Третий Международный фестиваль TERRITORIЯ в разгаре. Среди множества акций, премьер, мастер-классов и проектов два спектакля («Антракт» Жозефа Наджа почти в самом начале и «Войцек» Лаборатории движения «Садари» из Южной Кореи в финале) призваны отразить одну из ведущих тем фестиваля – диалог Востока и Запада.
Впервые явившись Москве в 2000-м, хореограф из Франции Жозеф Надж стал любимцем российской столицы, дважды лауреатом «Золотой маски» за лучший зарубежный спектакль сезона, едва ли не пророком в нашем отечестве. Для сына ремесленника-венгра из югославской глубинки, ставшего руководителем Национального хореографического центра в Орлеане, изучавшего пантомиму в школах Марсо и Декру, увлекавшегося боевыми искусствами и японским буто, проблема «восток–запад» – сама судьба. А от судьбы не уйдешь.
«Календарь судьбы» (так еще называют древнюю китайскую «Книгу перемен») лег в основу представленной в Москве последней премьеры Жозефа Наджа «Антракт». Хотя кроме черепашки, ловко нарисованной на полупрозрачном экране в восемь рук четырьмя участниками спектакля, об этом мало что напоминает. Таинственные символы «Книги перемен», как известно, китайцам принесла на своем панцире из глубин реки Хуанхэ огромная черепаха. Мироощущение Наджа рождает совсем иная река – река по имени Память.
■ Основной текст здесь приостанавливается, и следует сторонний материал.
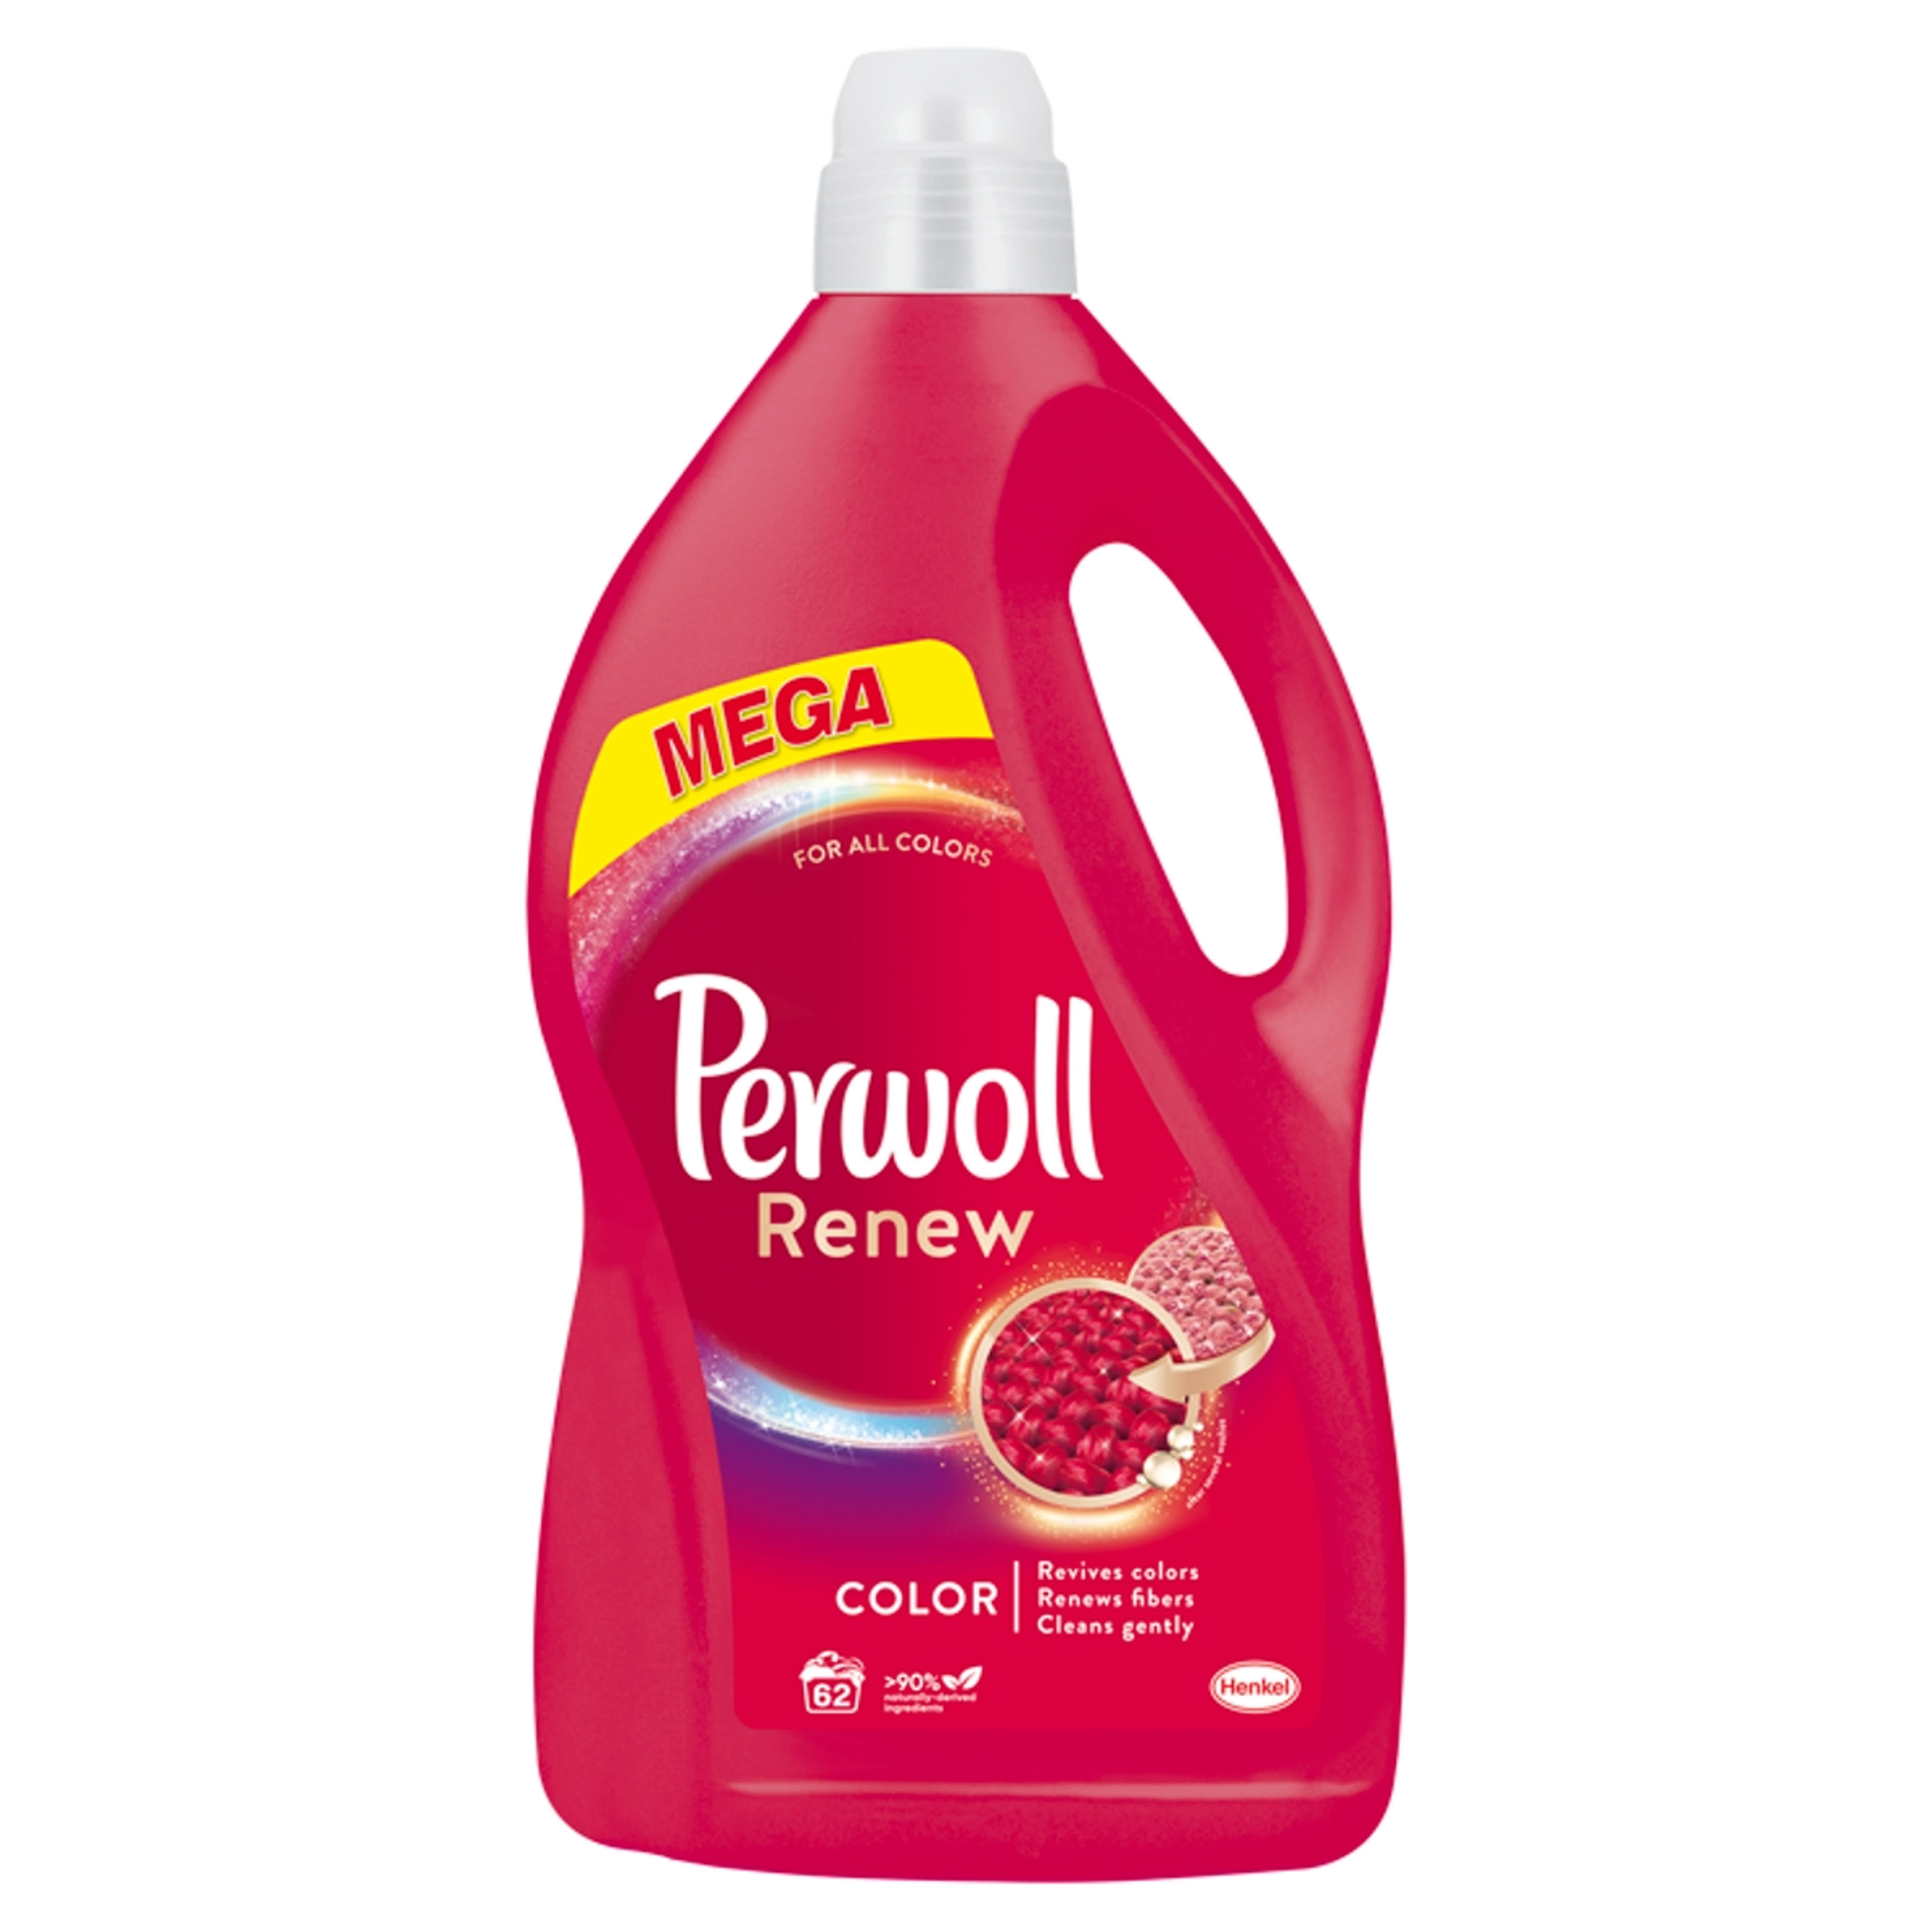 Perwoll Renew & Color folyékony mosószer, 62 mosás - 3720 ml

Оказавшись на Западе в 23 года, получив за четверть века мировое признание, уроженец местечка Каньяза, что в области Воеводина, по-прежнему прощается с прошлым, хотя вовсе не склонен при этом смеяться.
Авторов «Антракта» Жозефа Наджа и композитора Акоша Шелевени историческими оптимистами не назовешь. На сцене четыре танцовщика (помимо самого Наджа – Иван Фатжо, Петер Гемза и Сесиль Лойе), четыре музыканта (помимо самого Шелевени – Роберт Бенко, Эрик Брошар и Жильдас Этвенар). Всех ломает не по-детски. В палитре – лишь черный, белый и кроваво-алый. Гулкие звуки, размытые изображения. Хрип контрабаса. Истошный визг духовых и струнных. Помосты и ящики, столы и кузлы. Пилы, сабли, крюки и тесаки. Удавки (Наджа водят на «поводке», а затем, повязав, уволакивают со сцены). И обязательно – зеркала. Словом, весь арсенал Наджа, каким мы знаем его уже восемь лет.
Если комбинации 64 гексаграмм «Книги перемен» раскрывают бесконечное многообразие мира, жизненных ситуаций и их развития, то набор знаков в сценическом лексиконе Наджа весьма ограничен, и частые приезды теперь, пожалуй, играют против него, демонстрируя эту ограниченность. Ломка телесная как бесполезное средство от ломки душевной. Публичное действо как тщетная попытка изжить неизбывное. Восточный символ времени и смерти, песок для Наджа – только повод и возможность расшибить себе лоб, чтобы после, корчась в конвульсивном танце, расшвыривать песчинки вокруг вместе с каплями пота. Как ни пытайся философски взглянуть на вещи, у Запада и Востока философия своя. Мы жадно ждем перемен, а потому находим лишь разочарования. Восток знает, что все меняется, и оттого несуетен и несуетлив. Охота к перемене мест – весьма мучительное свойство западного человека, даже если он родом из Восточной Европы, – рождена ощущением тотального несовершенства. Для Востока путь, как и изменчивость мира, – залог и воплощение всеобщей гармонии. Во всяком случае, так было.